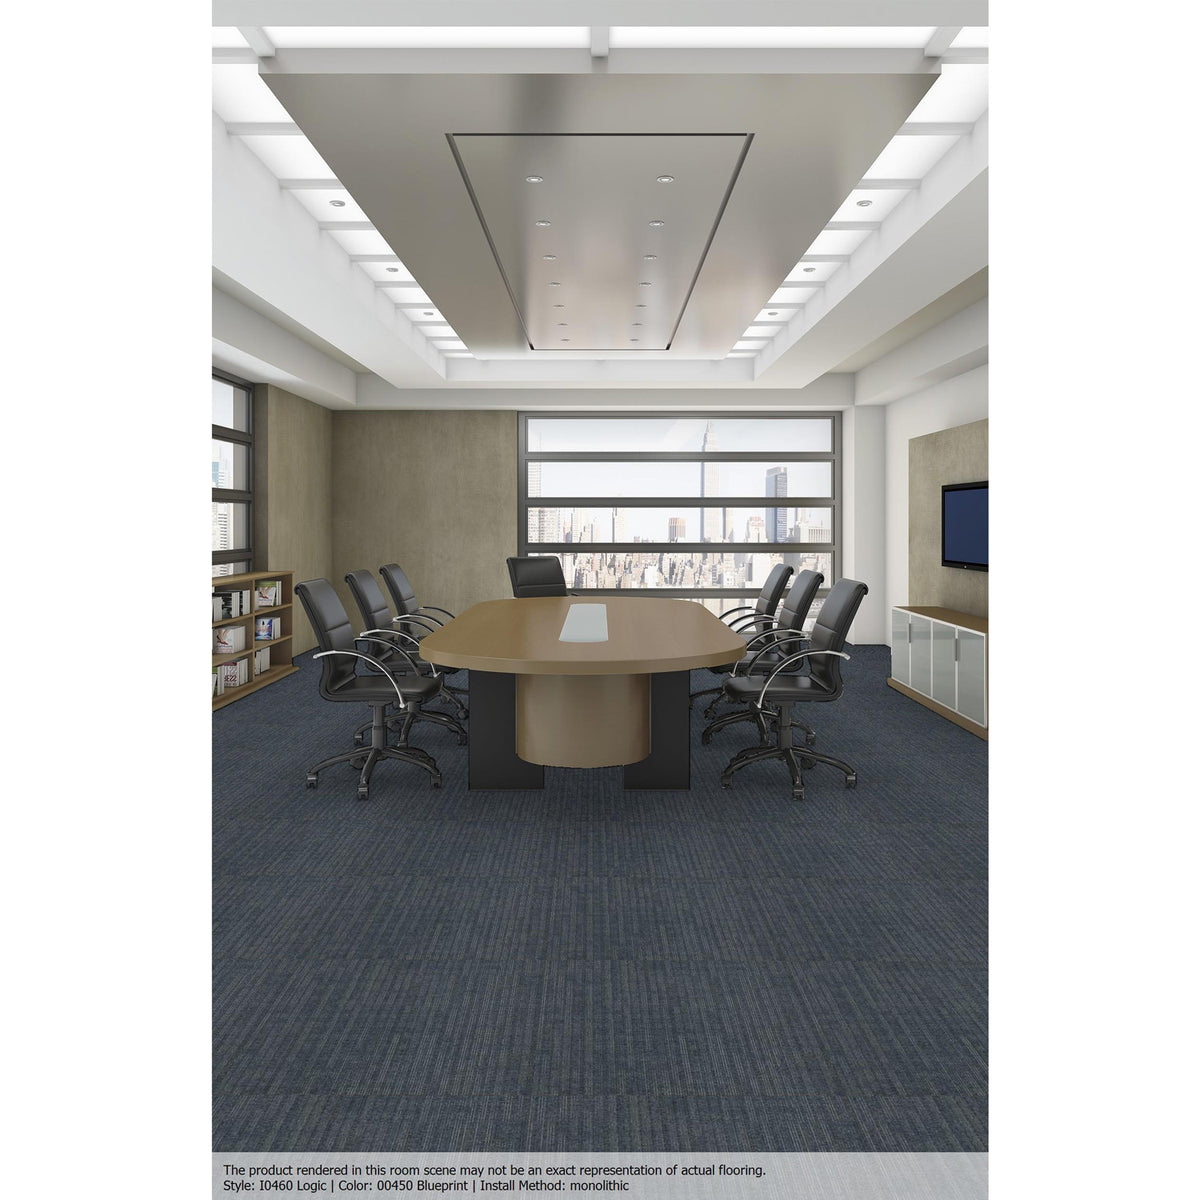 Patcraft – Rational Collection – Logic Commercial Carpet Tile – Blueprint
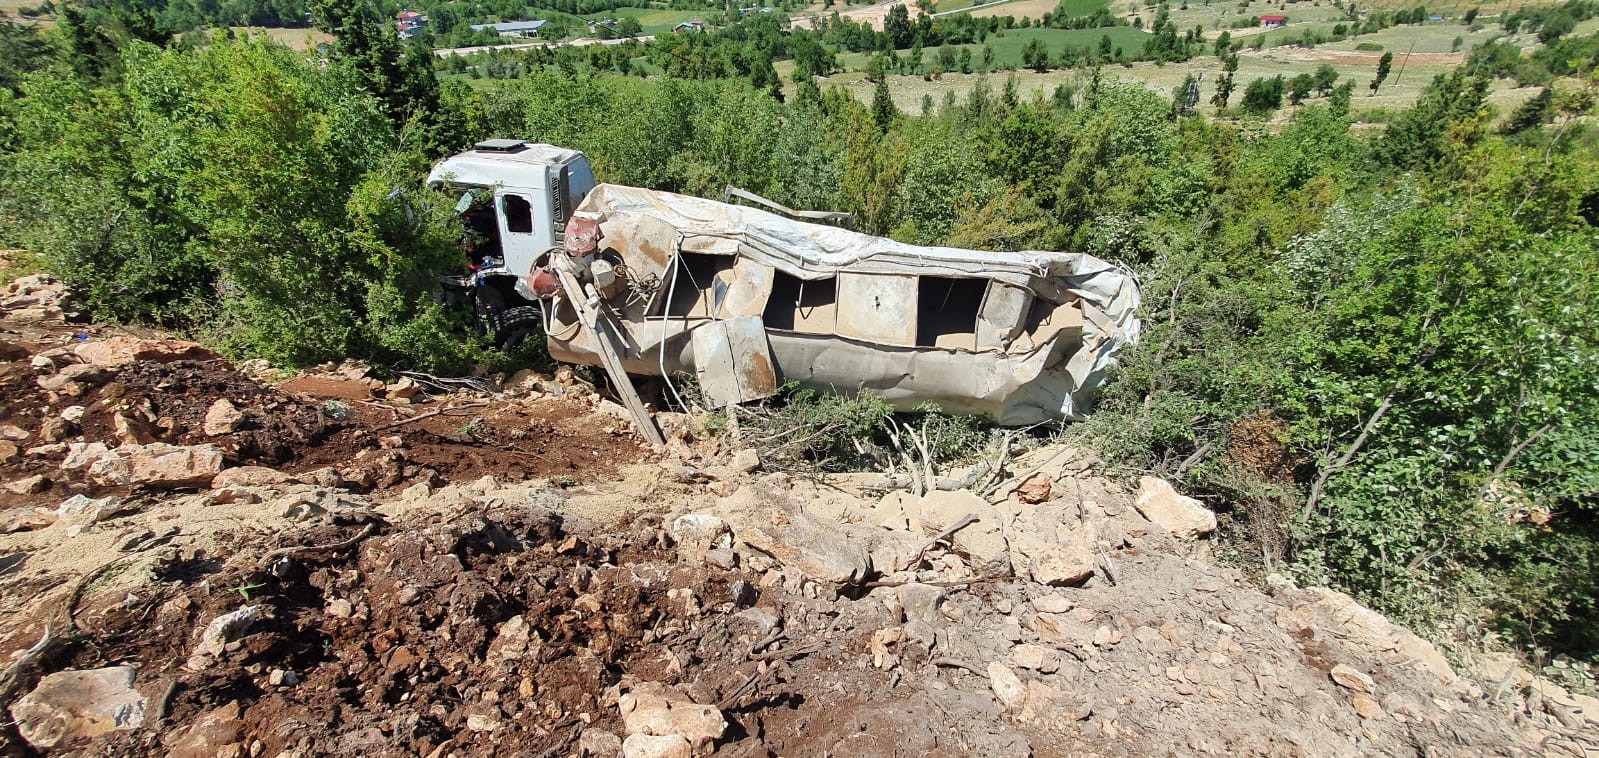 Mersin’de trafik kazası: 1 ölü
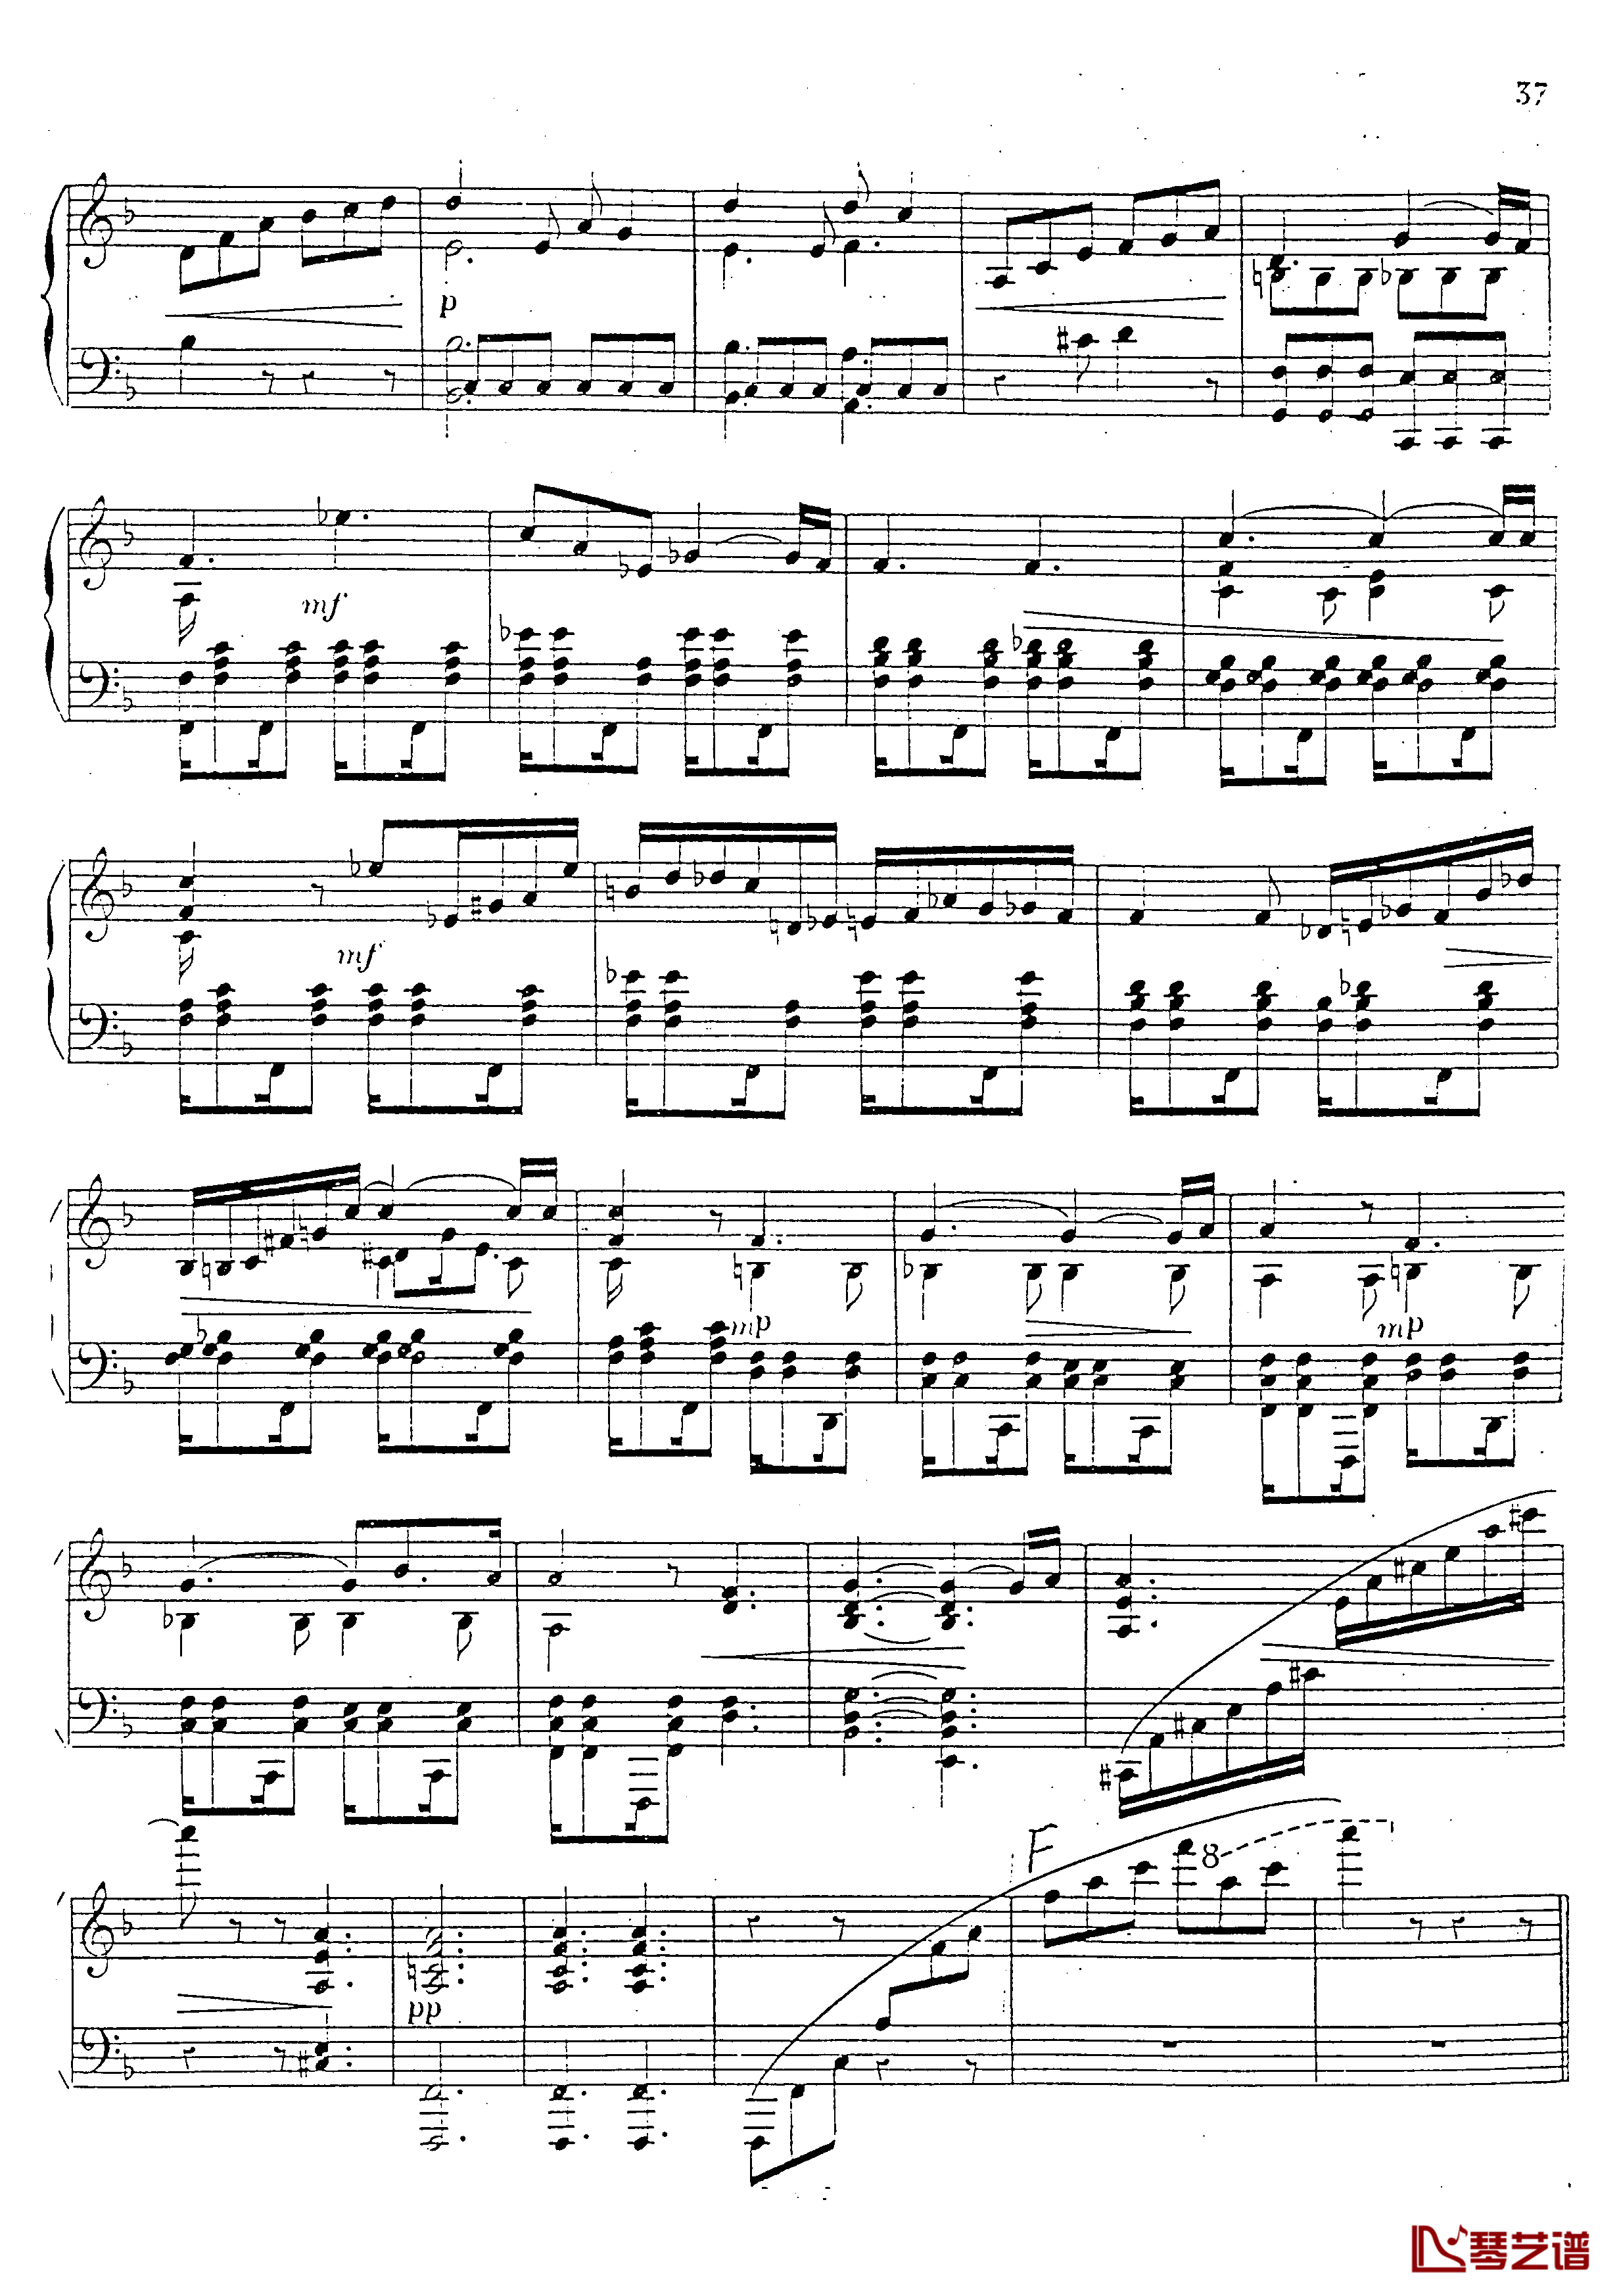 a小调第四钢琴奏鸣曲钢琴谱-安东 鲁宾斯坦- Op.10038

····················

WORK TO BE COMPLETED ->
Output the whole listing exactly. Pictures stay out.

OUTPUT FOR THIS TASK ->
 Patcraft – Rational Collection – Logic Commercial Carpet Tile – Blueprint
 Mersin’de trafik kazası: 1 ölü
 a小调第四钢琴奏鸣曲钢琴谱-安东 鲁宾斯坦- Op.10038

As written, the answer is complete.